** Given material follows **

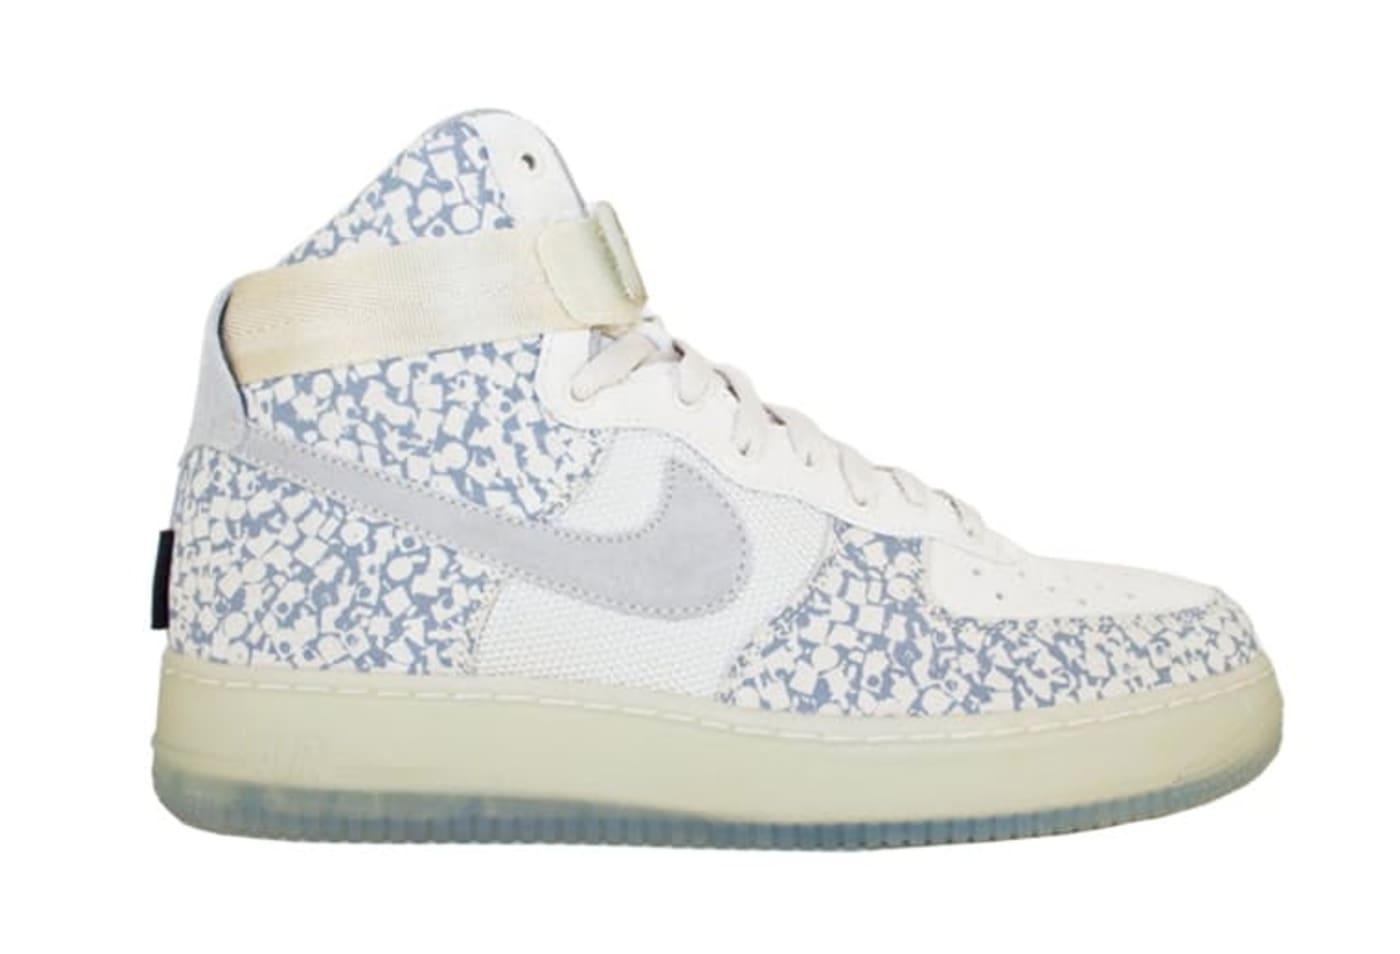 Stash x Nike Air Force 1 Hi
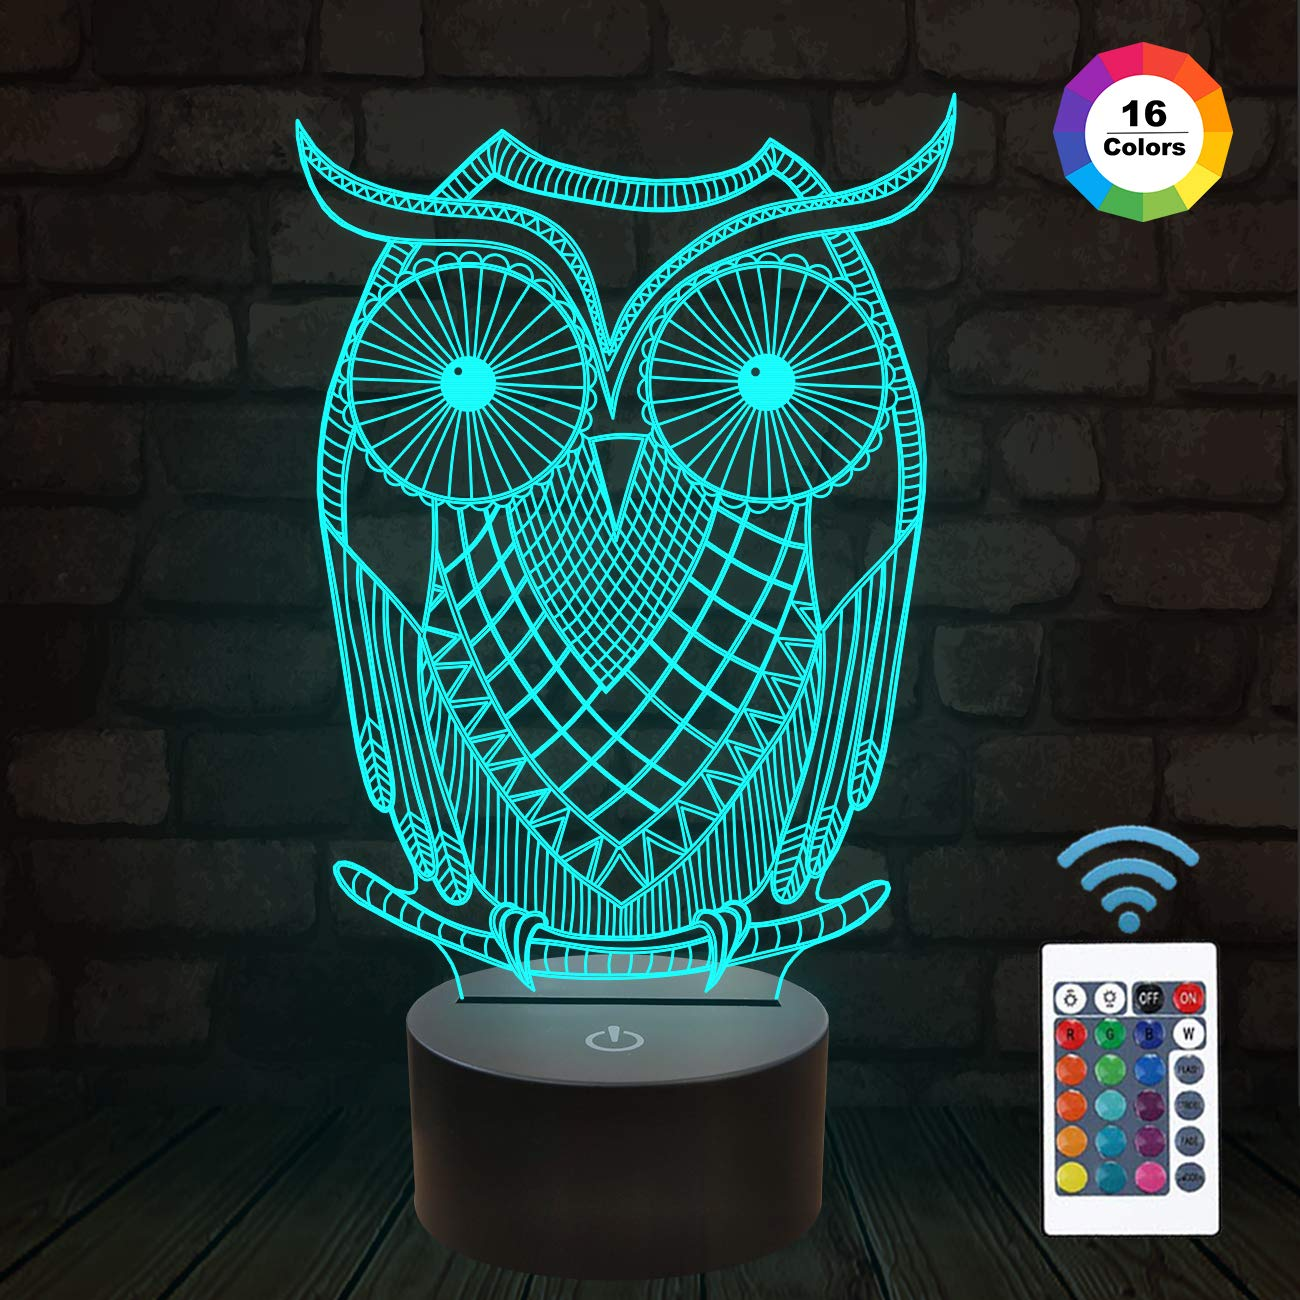 ویکالا · خرید  اصل اورجینال · خرید از آمازون · FULLOSUN Owl Gifts, 3D Owl Night Light Decorations for Home, Creative 3D Illusion Lamp for Kids as Birthday Xmas with 16 Colors Changing & Remote Control & Dimmable Function wekala · ویکالا
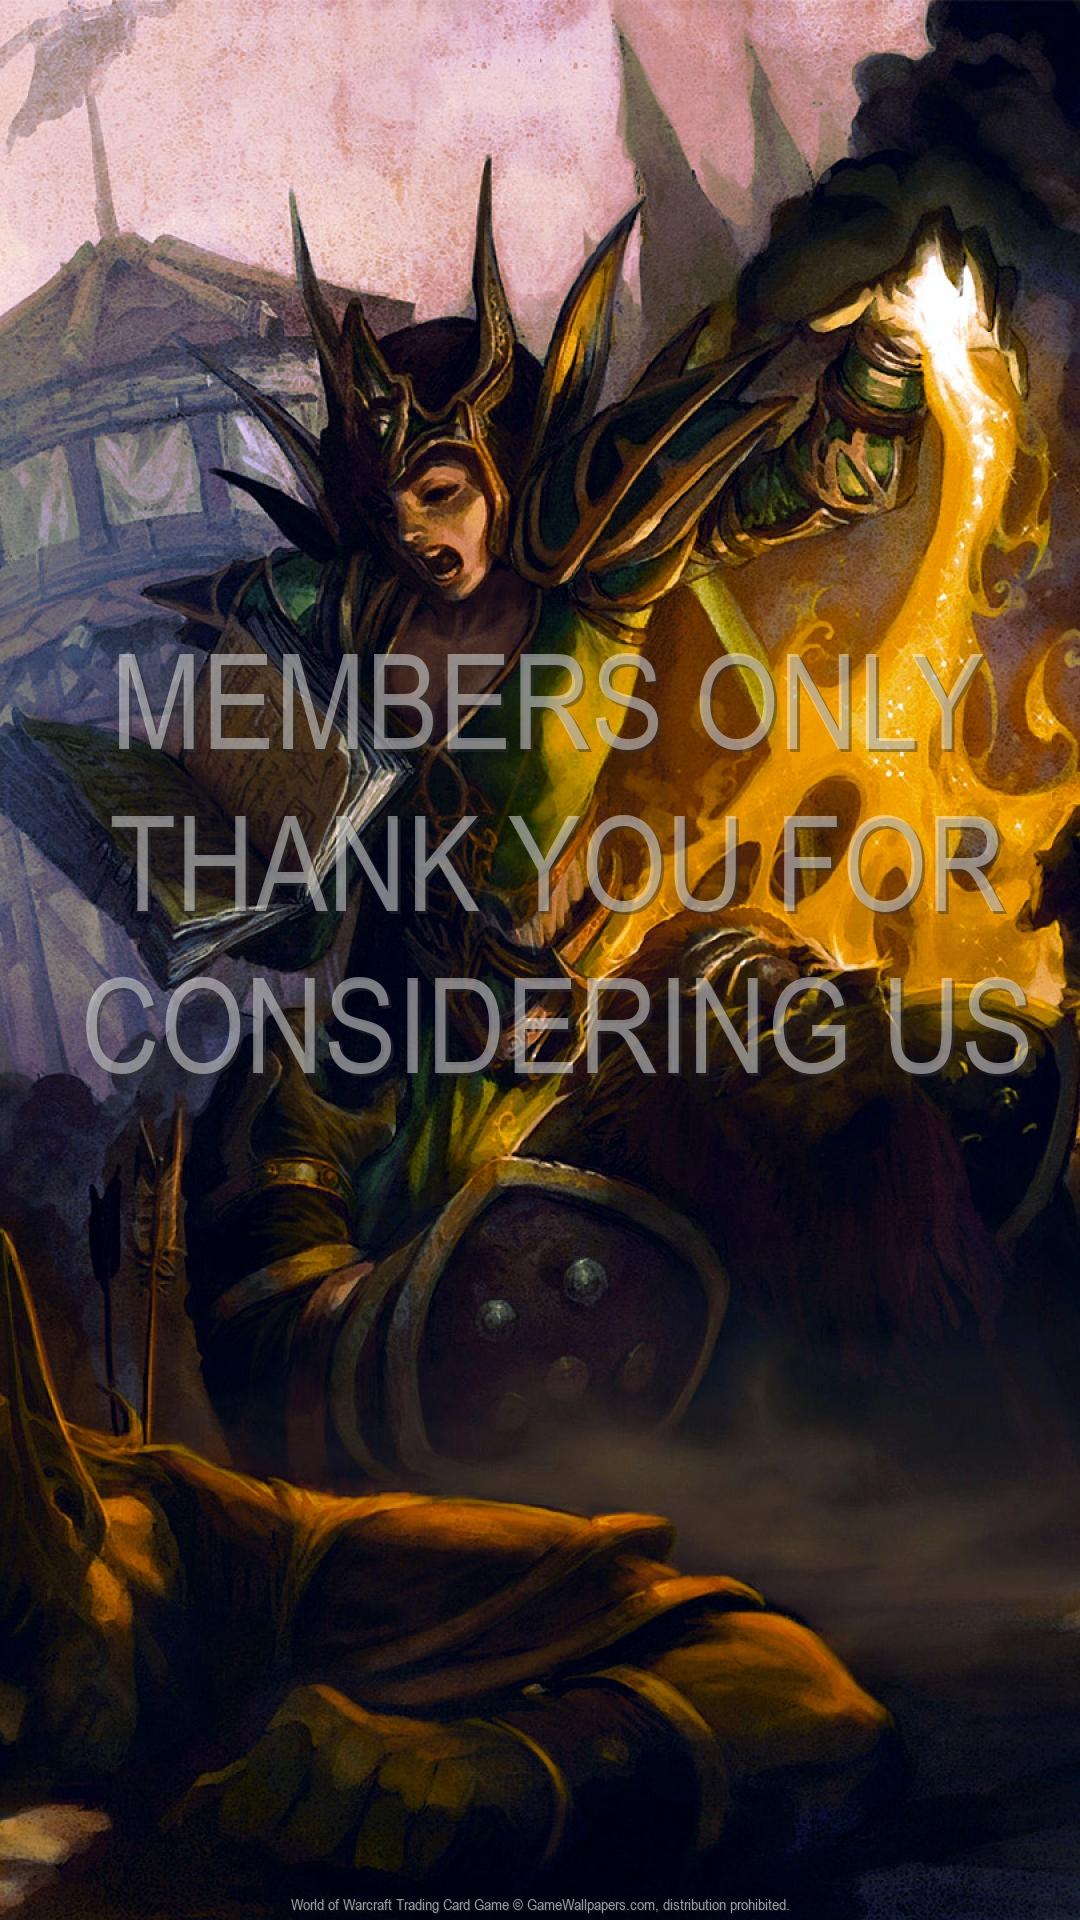 World of Warcraft: Trading Card Game 1920x1080 Handy Hintergrundbild 41

** End of Given material **

Task to carry out — The lines to copy run from the one with "ویکالا · خرید" through the end of the material. Write them out exactly, leaving out the pictures.

Finished task —
 ویکالا · خرید  اصل اورجینال · خرید از آمازون · FULLOSUN Owl Gifts, 3D Owl Night Light Decorations for Home, Creative 3D Illusion Lamp for Kids as Birthday Xmas with 16 Colors Changing & Remote Control & Dimmable Function wekala · ویکالا
 World of Warcraft: Trading Card Game 1920x1080 Handy Hintergrundbild 41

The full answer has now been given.